Although I have set replication factor 3 for /user/oozie/share/lib/ directory. All the jars under this path are available on 3 datanode but few jars are missing. Can any body suggest why this is happening and how to prevent this.
Upvotes: 8
Views: 23561
Reputation: 158
Got the same error when using Trino to connect to hive, I tried to connect HDFS from a Trino worker and found that port 9866 is not open on HDFS, opened the port on HDFS datenode and solved the problem. Related document: https://www.ibm.com/docs/en/spectrum-scale-bda?topic=requirements-firewall-recommendations-hdfs-transparency https://hadoop.apache.org/docs/r3.0.0/hadoop-project-dist/hadoop-hdfs/hdfs-default.xml
Upvotes: 0
Reputation: 1
please check the file's owner in hdfs directory, I met this issue because the owner is "root", it got solved when I changed it to "your_user".
Upvotes: 0
Reputation: 21
I was getting the same exception while trying to read a file from hdfs.
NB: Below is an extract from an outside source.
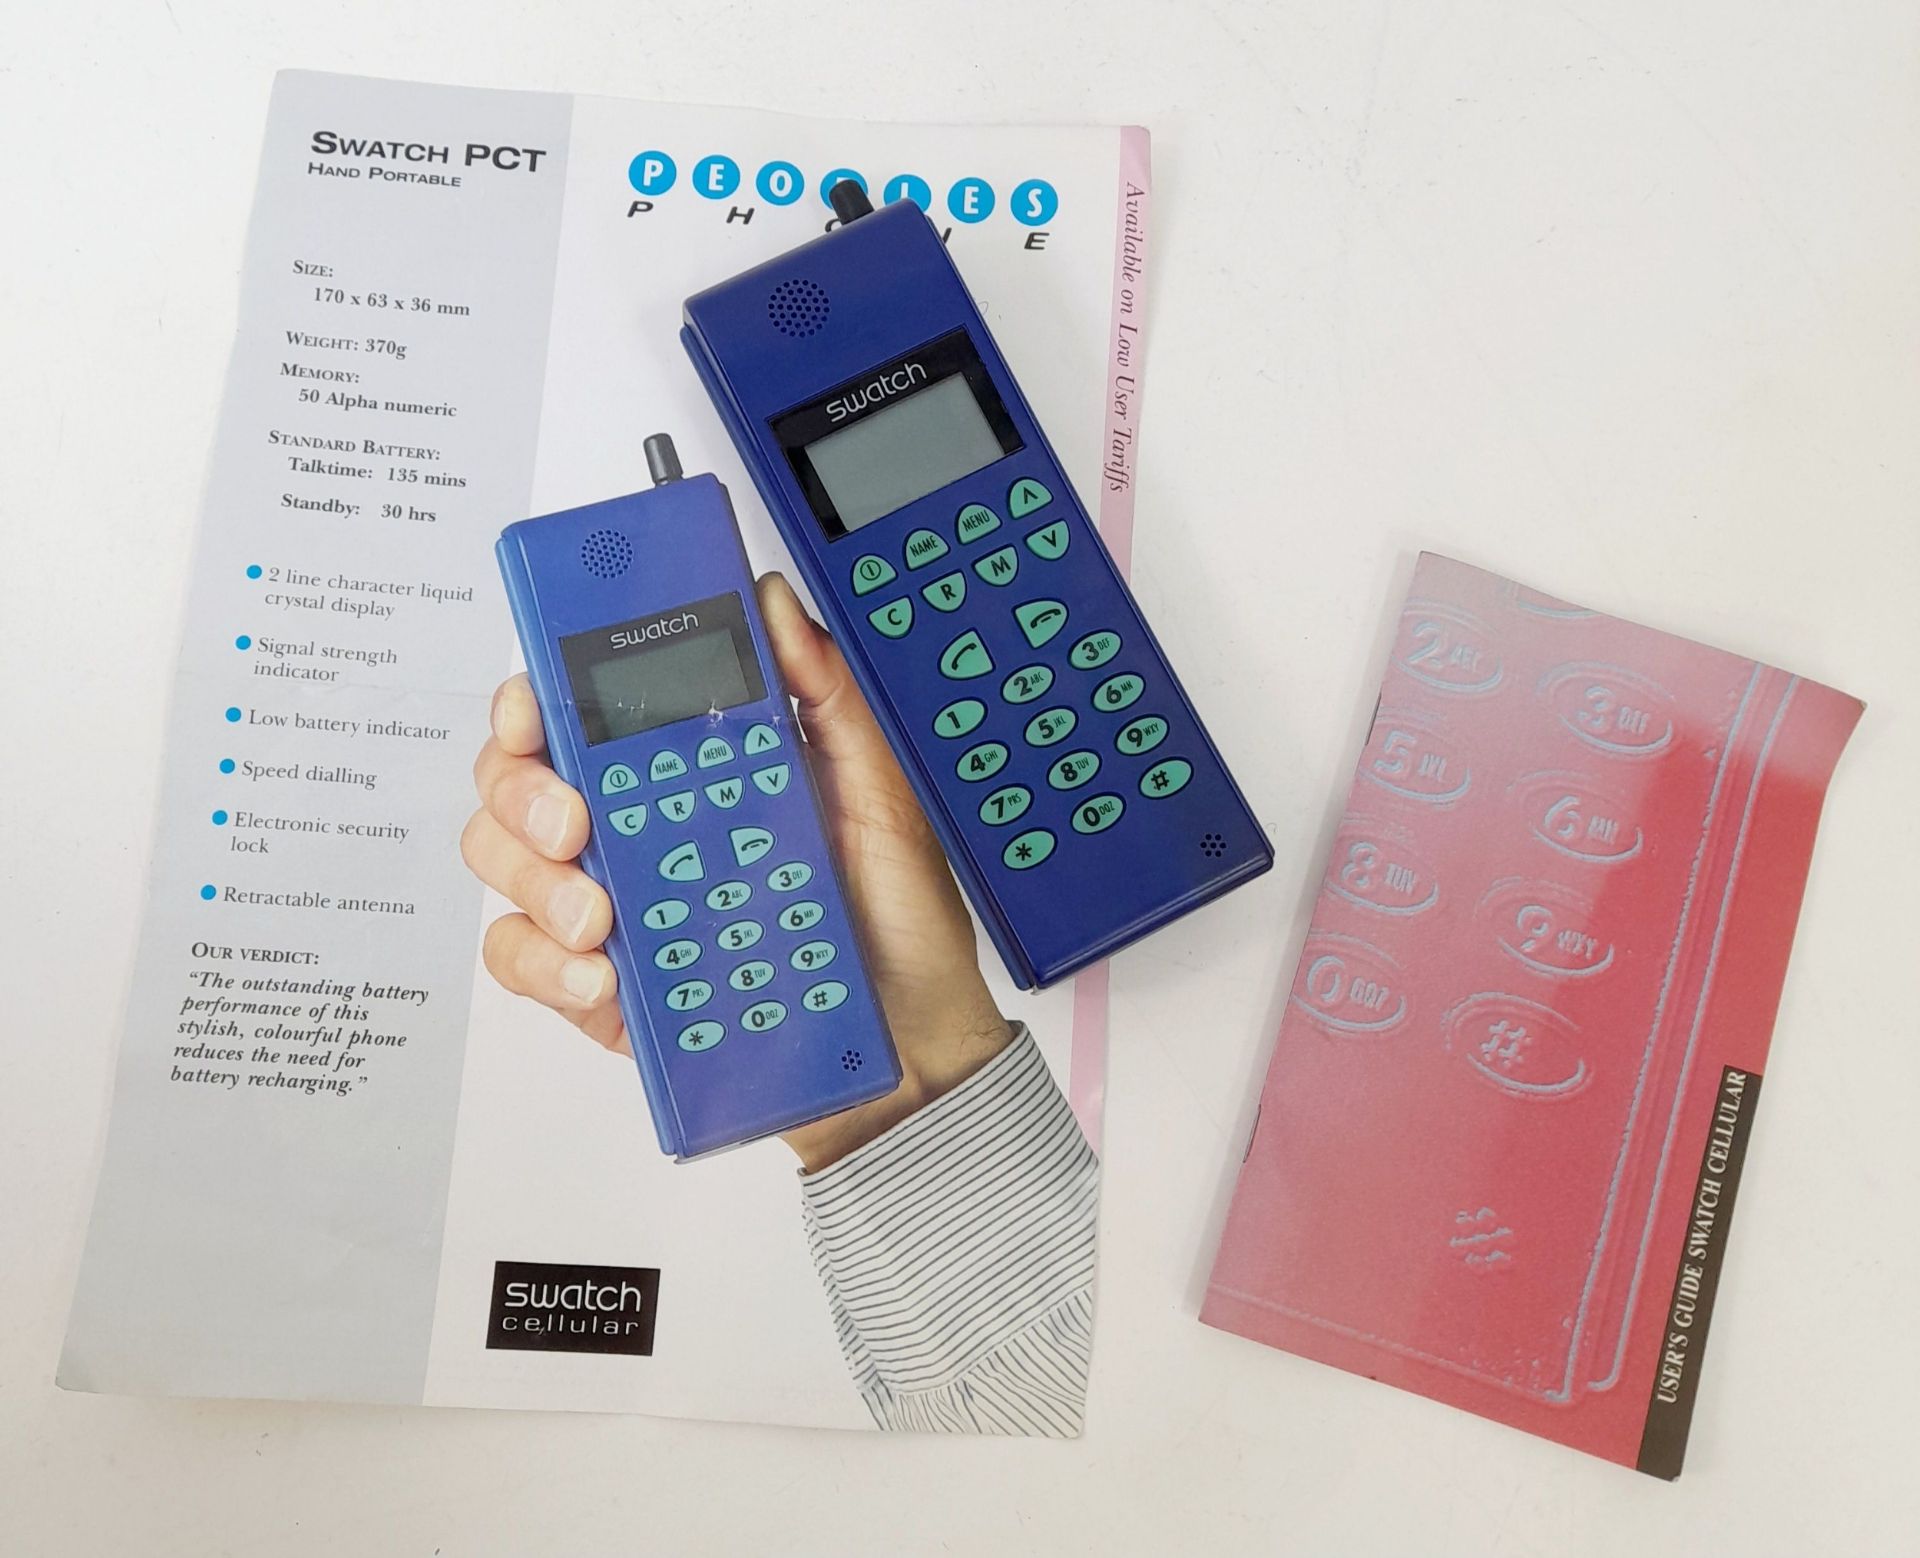 A Vintage Swatch PCT Large Blue Mobile Phone. Comes with paperwork.

The solution under the section "Clients use Hostnames when connecting to DataNodes" from this link worked for me: https://hadoop.apache.org/docs/r2.7.2/hadoop-project-dist/hadoop-hdfs/HdfsMultihoming.html#Clients_use_Hostnames_when_connecting_to_DataNodes
I added this XML block to "hdfs-site.xml" and restarted the datanode and namenode servers:
<property>
<name>dfs.client.use.datanode.hostname</name>
<value>true</value>
<description>Whether clients should use datanode hostnames when
connecting to datanodes.
</description>
</property>
Upvotes: 1